Task objective: The data below contains pictures, which are to be skipped; the lines starting at the line with "人细胞因子受体样因子2(CRLF2)ELISA试剂盒促销" and ending at the line with "Les masques représentatifs" are to be output exactly, both ends included.

Record extracts:
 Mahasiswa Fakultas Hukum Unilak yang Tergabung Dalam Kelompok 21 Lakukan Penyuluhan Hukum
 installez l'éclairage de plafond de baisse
* * *
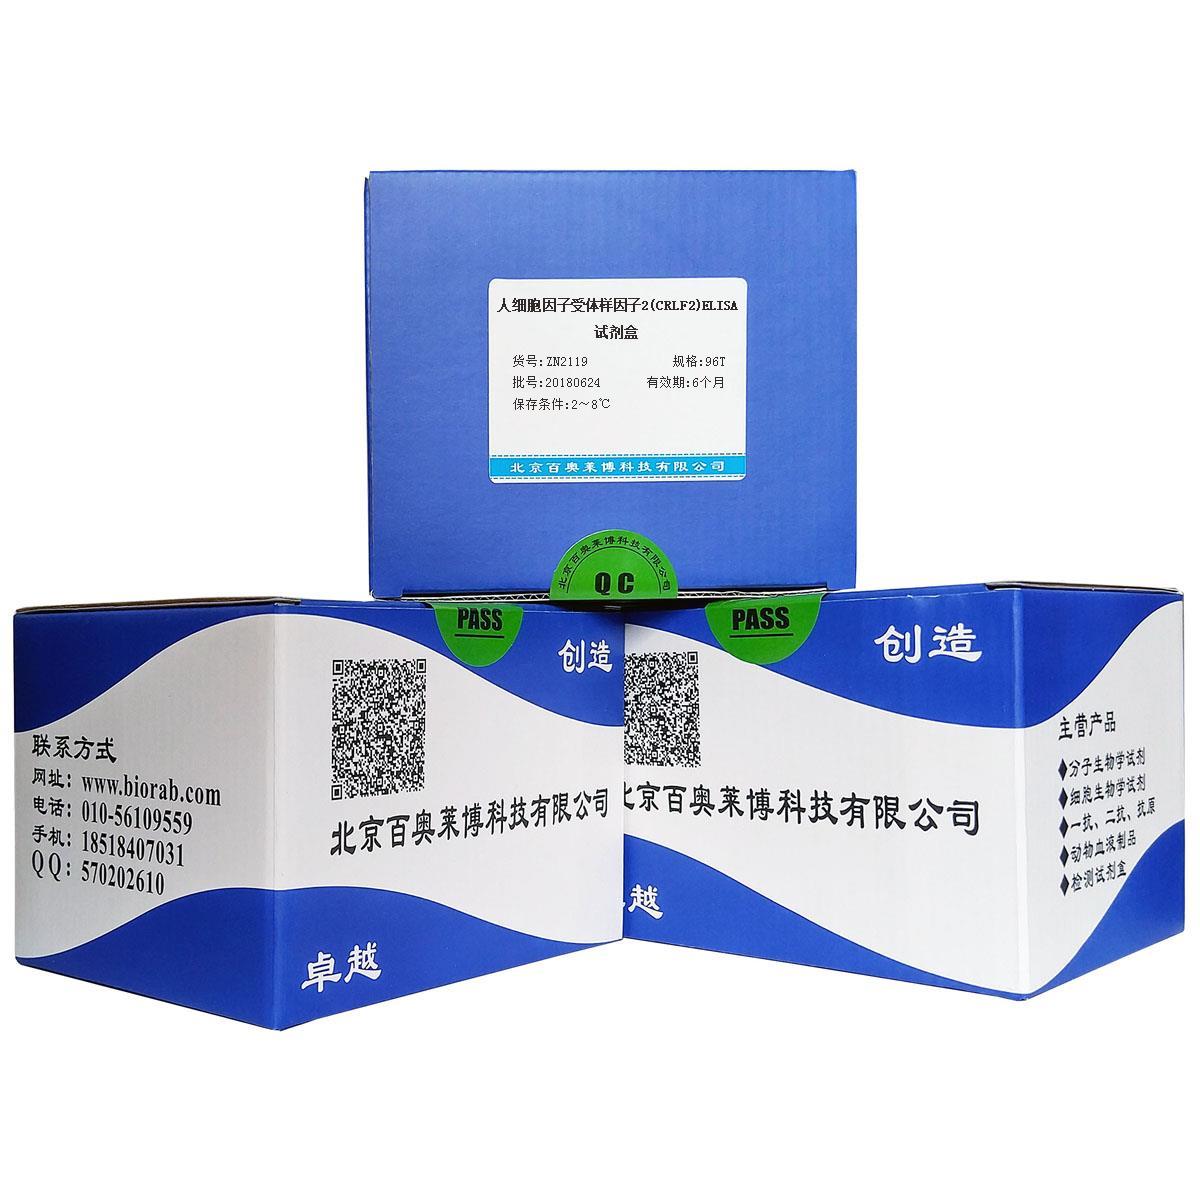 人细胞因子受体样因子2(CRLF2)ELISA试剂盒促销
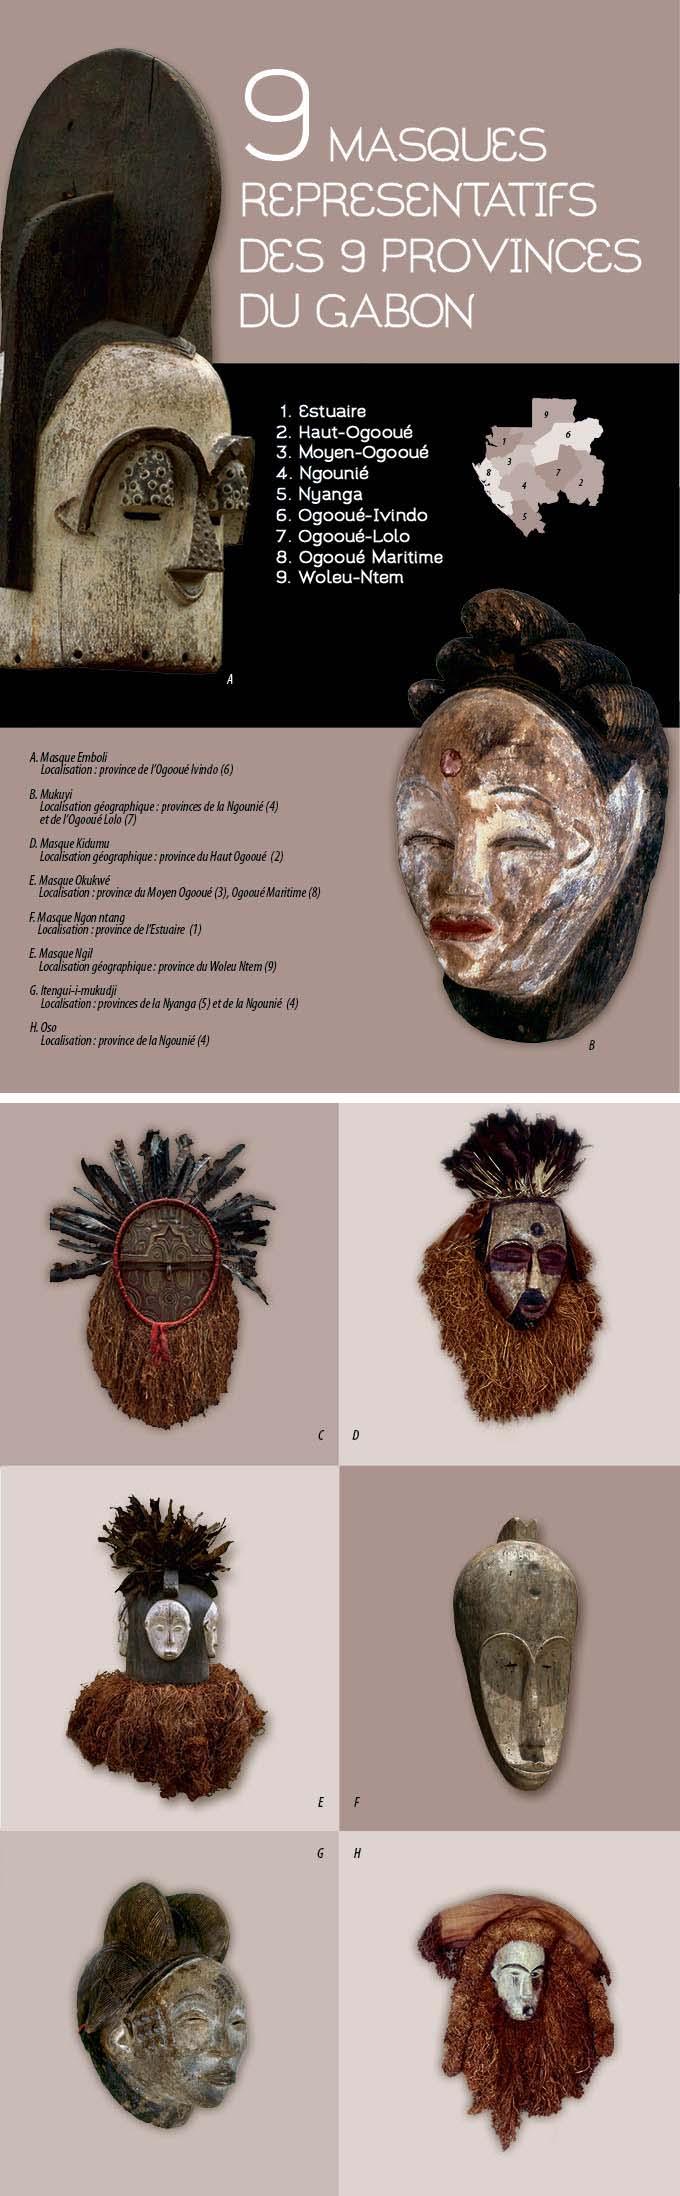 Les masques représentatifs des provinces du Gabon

Exercise result:
 人细胞因子受体样因子2(CRLF2)ELISA试剂盒促销
 Les masques représentatifs des provinces du Gabon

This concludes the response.